Guests, defendants and absentees
Among the speakers at the convention will be entrepreneur David Sacks, who has an influential podcast called All-In (all in) for which he interviewed Trump a few weeks ago. Sacks is also known for his closeness to Elon Musk and billionaire Peter Thiel, who gave a speech at the Republican convention in 2016, the year Trump came to the White House. Also participating will be union leader Sean O’Brien, head of the Teamsters (1.3 million members), an intervention highly criticized by the organization’s leadership and which also opens a rift in the union front supporting Biden.
Among the convention attendees are some who are accused, such as the three members of the Arizona delegation, to whom the judge has had to grant a special permit for having participated, as false electors, in the plot to subvert the result of the 2020 elections. There will also be notable absences, those of half a dozen senators who have abstained from supporting Trump in the primary process, including Lisa Murkowski, Mitt Romney and Rand Paul. Most have cited commitments in their state or abroad to excuse themselves. “I’m busy,” Paul said laconically. But the most notable absence will be that of Nikki Haley, Trump’s last rival in the primaries until he threw in the towel in March. The candidate, however, will ask her 97 delegates to support Trump, according to sources on her team.

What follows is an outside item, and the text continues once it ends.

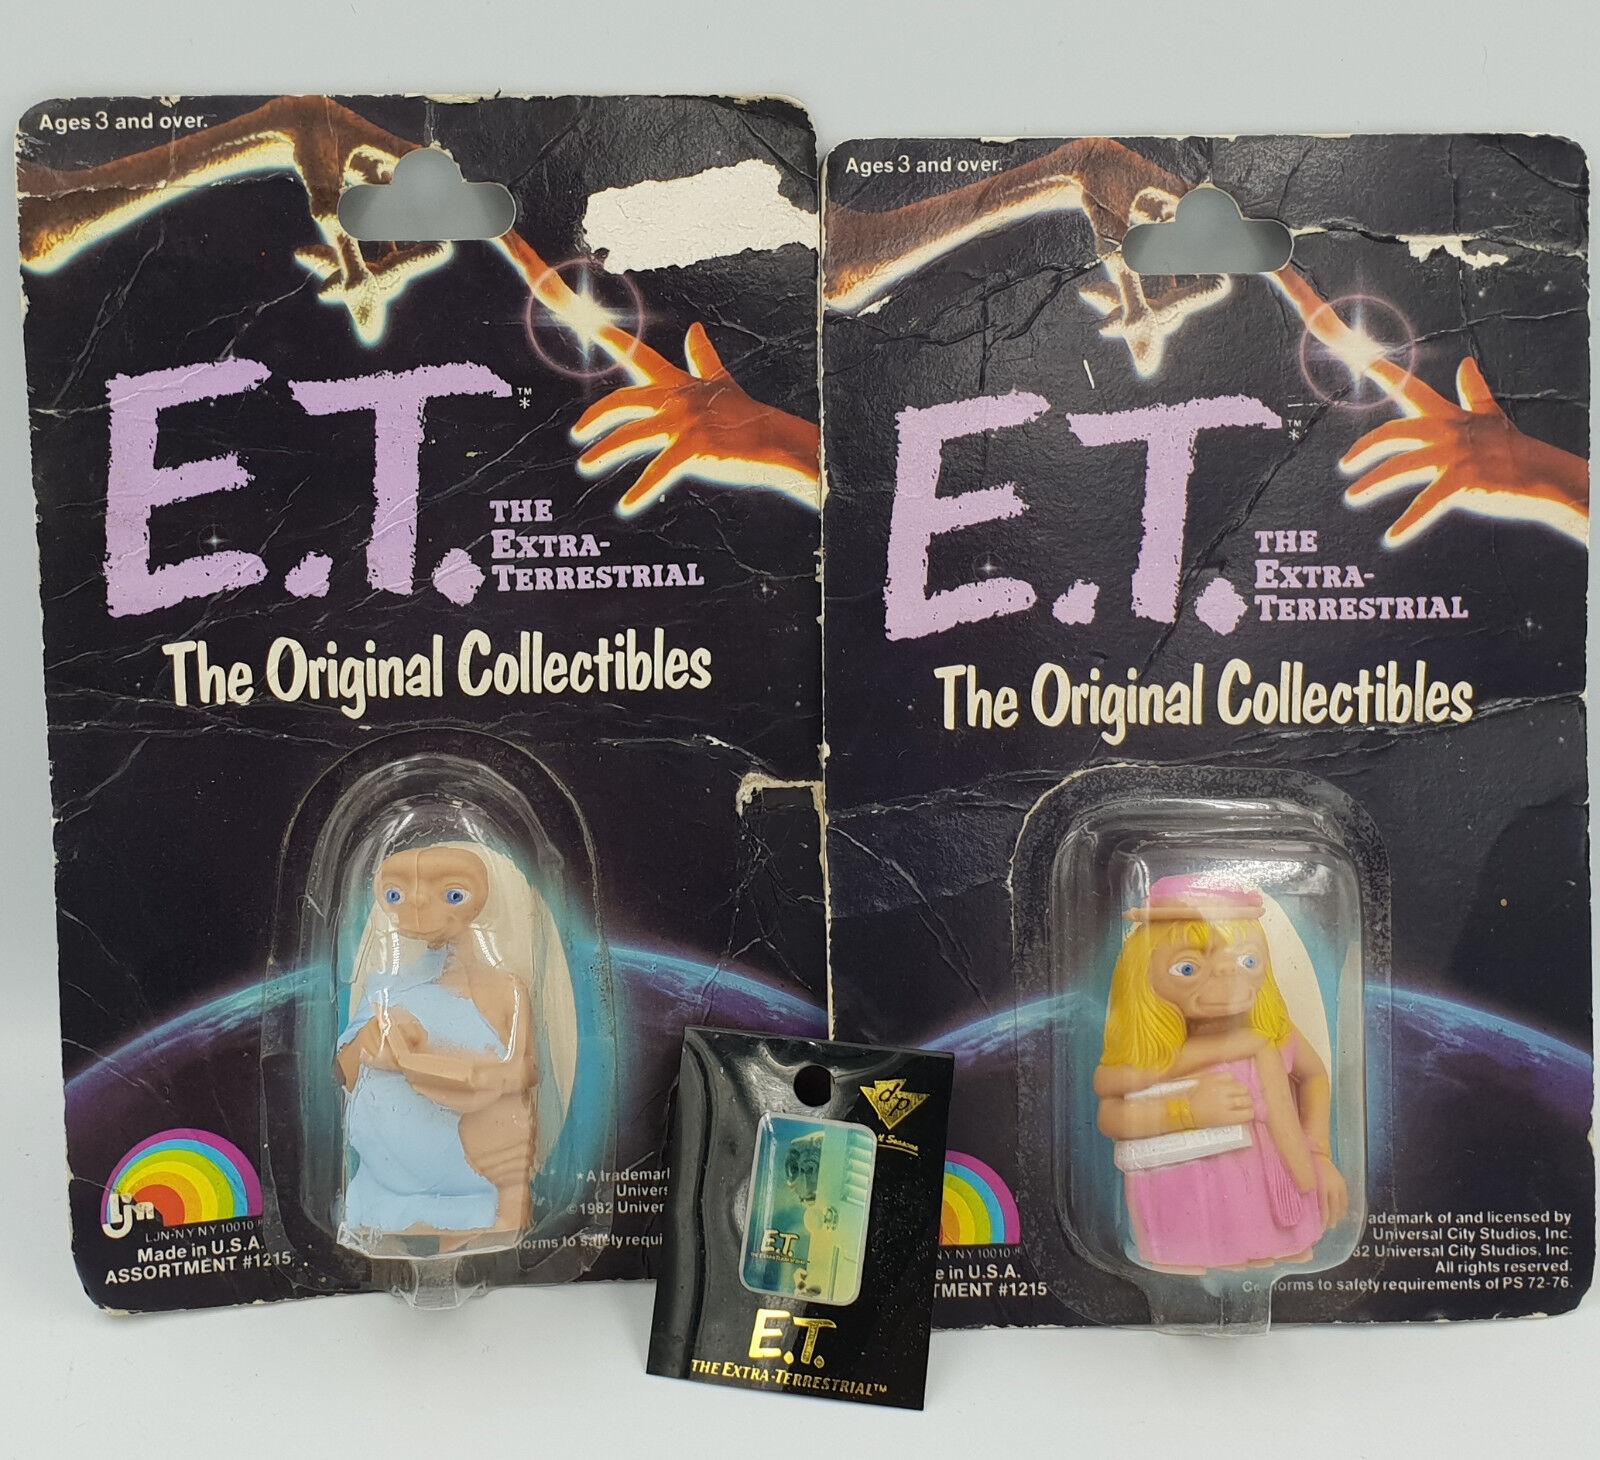 E.T. EXTRA TERRESTRIAL  2 bilDED FIGURES FRÅN LJB I 1982 och BADGE

Democratic counterprogramming in Milwaukee
Democrats have counter-programmed the Republican festivities to remind Milwaukeeans that not long ago Donald Trump insulted their city by calling it “a horrible place.” About fifty city buses will circulate these days plastered with advertising recalling the insult, but also with criticism of the Republican’s positions on abortion or the cost of medicines, as well as a reminder of his recent criminal conviction in New York for the Stormy Daniels case. Judging by the short distance between the stadium where the convention is being held and the hotel that serves as the campaign headquarters, just a few blocks, it doesn’t seem like the buses are going to have much work, let alone an audience. Meanwhile, Cavalier Johnson, the first black mayor of Milwaukee, who is a Democrat and does not look kindly on the Republican tsunami, is rubbing his hands together because the call has put his city on the global map and, of course, because of the economic return that the event will have on the public coffers. There is not a single hotel room left in the city and its surroundings, despite the astronomical prices: the few that are offered, due to cancellations, are around $800 a night in a three-star hotel.